# train listed as cancelled on website



## jesse (Oct 6, 2015)

If I search for my train on the Amtrak website, it lists as cancelled. I was planning on taking the 302 Lincoln Service on 10/18 from STL to CHI. I haven't gotten any notification and the website still shows my reservation.

I sent an email to Amtrak asking what's up. I figured this would be a good place to ask, I'm new to Amtrak so can anyone shed any light on what to expect? Thank you in advance!


----------



## BCL (Oct 6, 2015)

Seems to be completely cancelled from Oct 16 until Oct 30. There have been a lot of complaints about it, and apparently the rationale given is track or bridge work.

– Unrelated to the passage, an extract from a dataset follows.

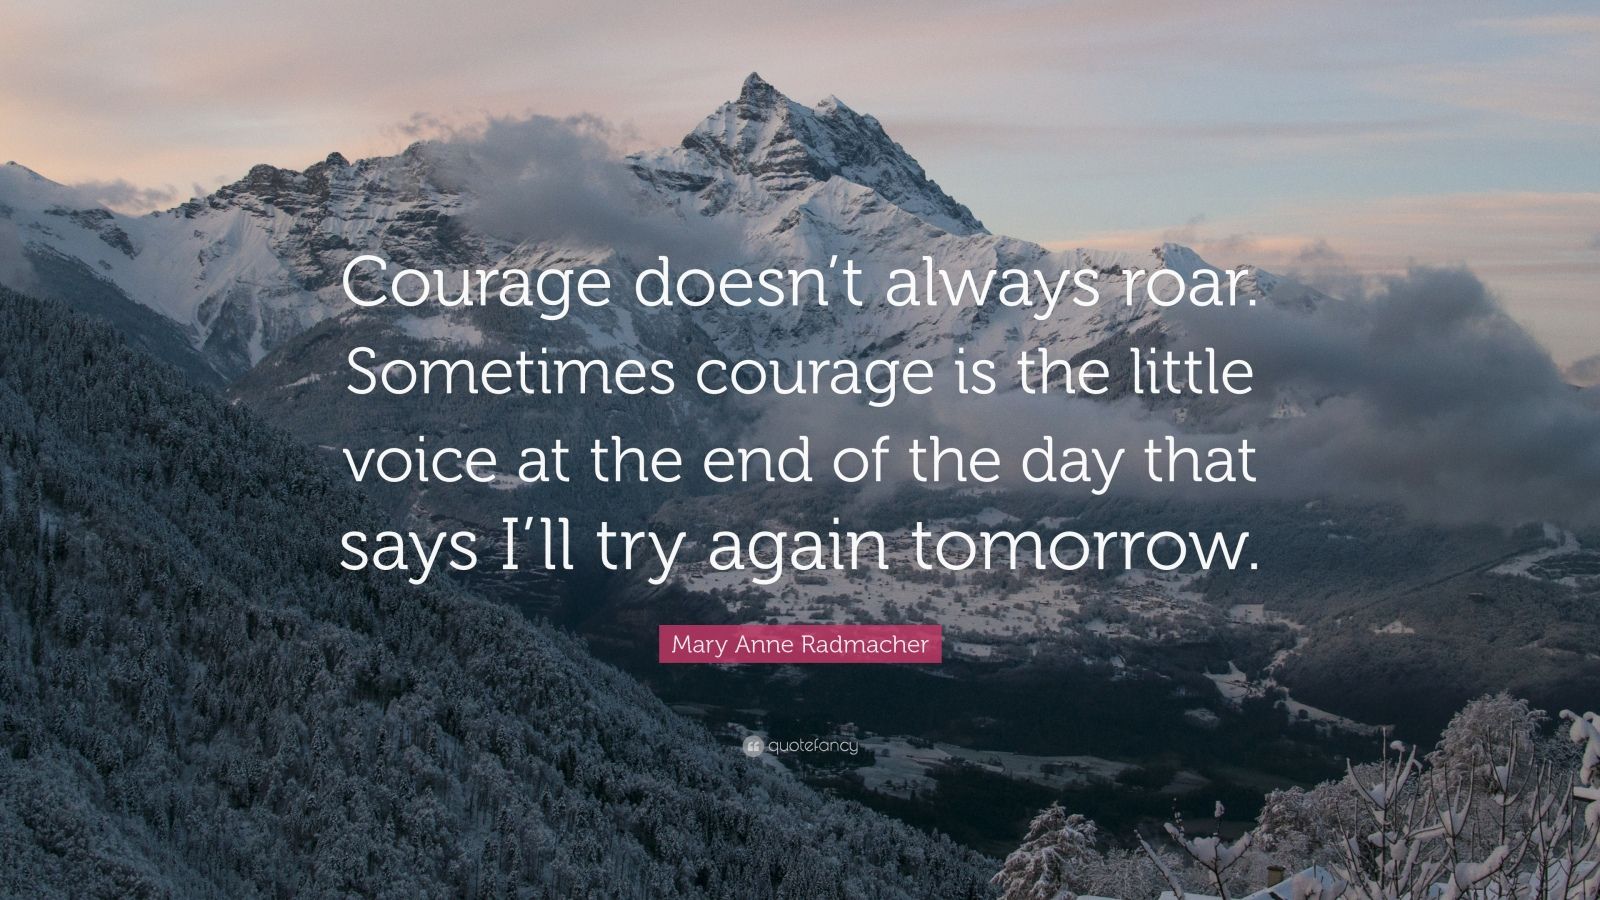 Mary Anne Radmacher Quote: “Courage doesn’t always roar. Sometimes courage is the little voice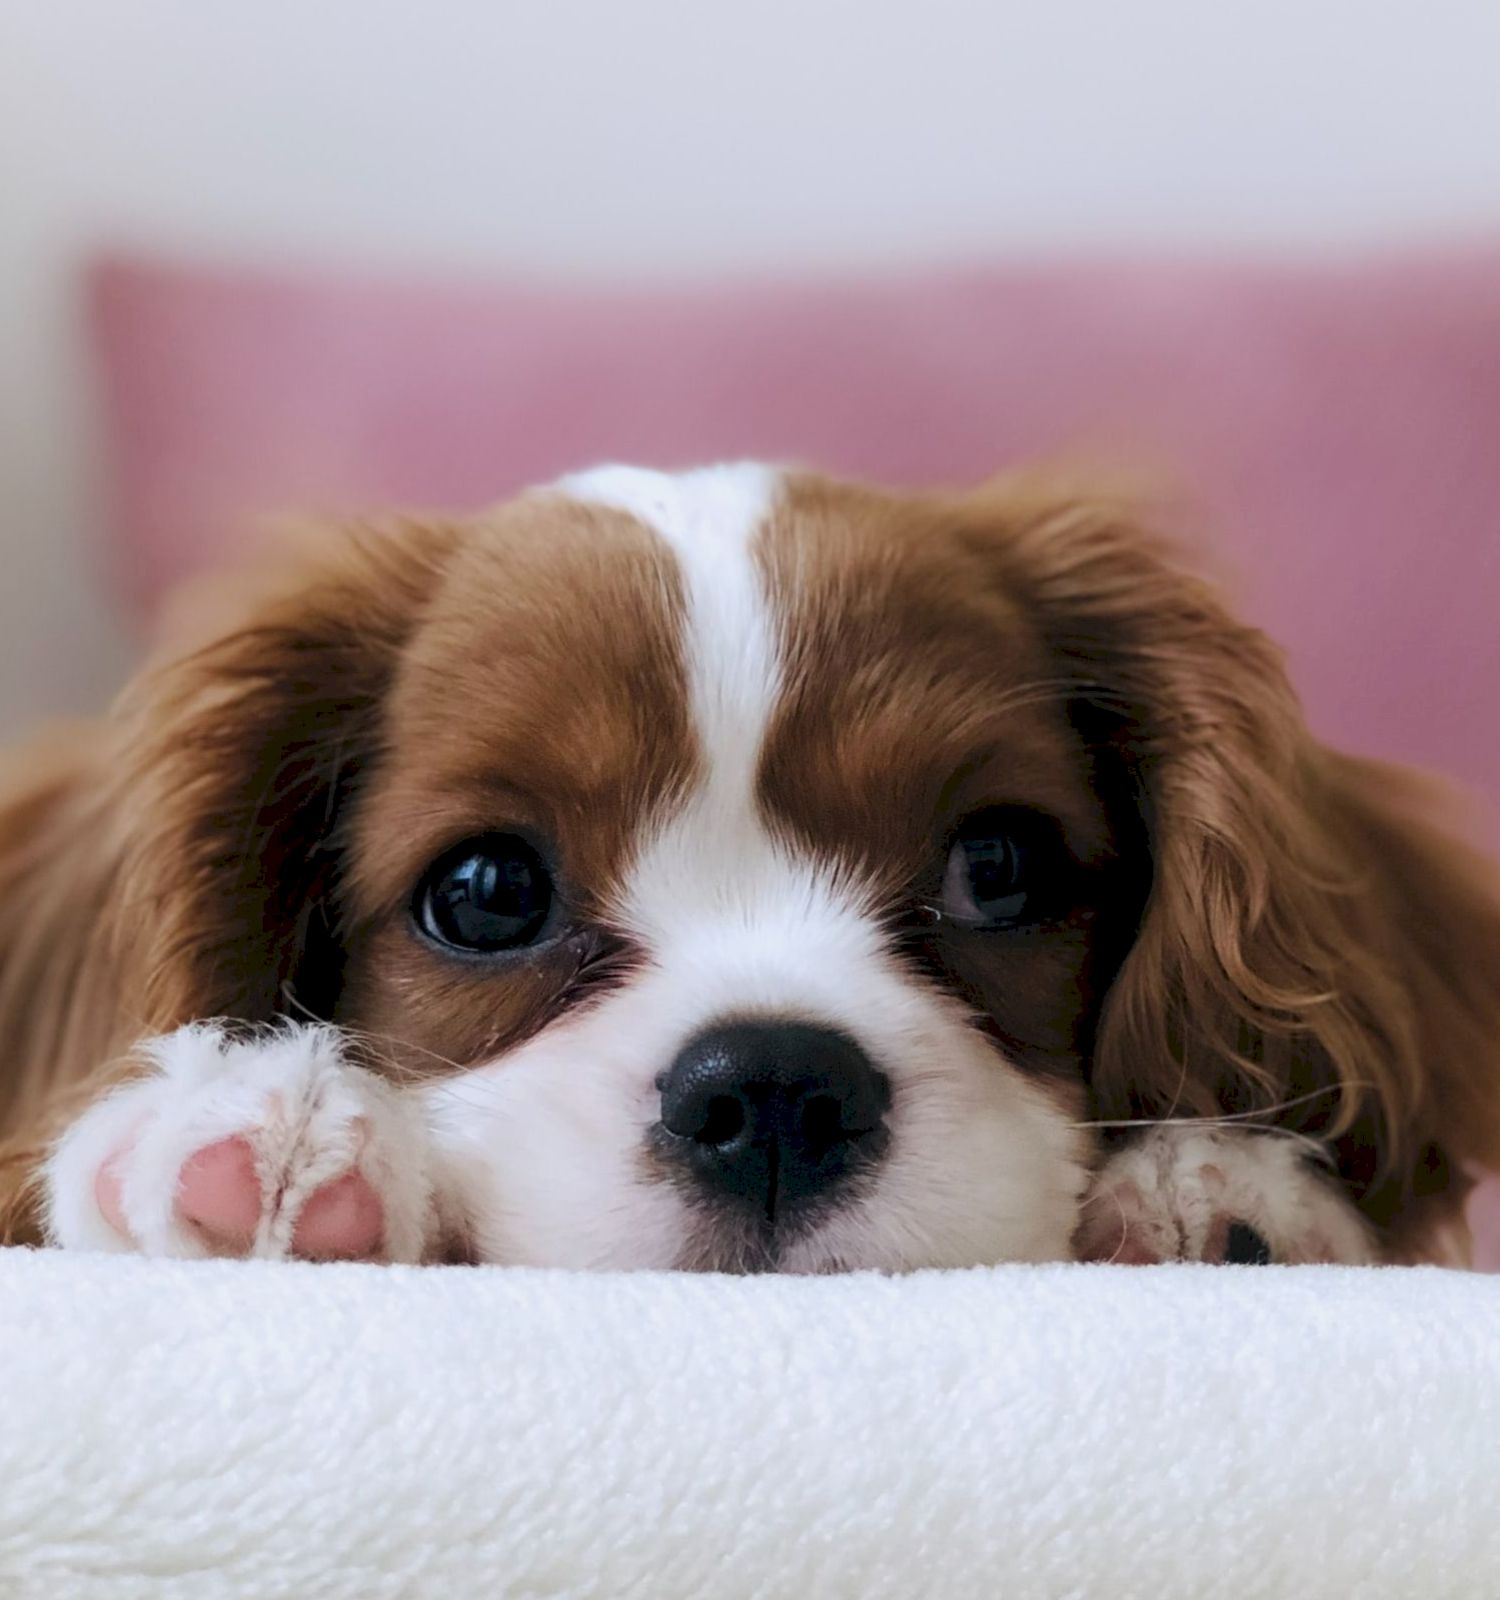 The image shows an adorable brown and white puppy resting its head on a soft surface, with a blurred pink pillow in the background.

http://discuss.amtraktrains.com/index.php?/topic/61510-lincoln-service-service-disruption-listed-under-illinisaluki/

http://www.trainorders.com/discussion/read.php?4,3838530

My guess is that you're automatically booked on the replacement bus service (6302).


----------



## BCL (Oct 6, 2015)

This explains previous cancellations last month:

https://csanders429.wordpress.com/tag/amtraks-lincoln-service/


----------



## jesse (Oct 6, 2015)

Thank you both for responding so fast! I called Amtrak and was able to rebook to the Texas Eagle, and got a refund since it was slightly cheaper. I'm glad I don't have to take the bus.


----------



## iggy (Oct 7, 2015)

Most likely Springfield Illinois bridge / underpass work on 9th street. Not sure why Amtrak management hasn't been able to after multiple years make better contingency plans for ongoing track work / upgrades in Illinois. Not sure why - like they did in past they won't run trains to Normal and then bus to Springfield and further South. Buses that Amtrak charters are pure garbage and offer an absolutely horrible ride. Not as rough as a ride on Hoosier State going to Indy - but close.

Odd that they cancelled whole route and not just parts. In past - they have done a full cancel then a few days before "restored" partial service.

Amtrak management still doesn't get that if people book a train they want to ride a train NOT a bus!! There is a reason they booked their journey with Amtrak.

After reading local newspaper about work coming up - I had been waiting for this bad news. It came today with multiple phone calls and emails.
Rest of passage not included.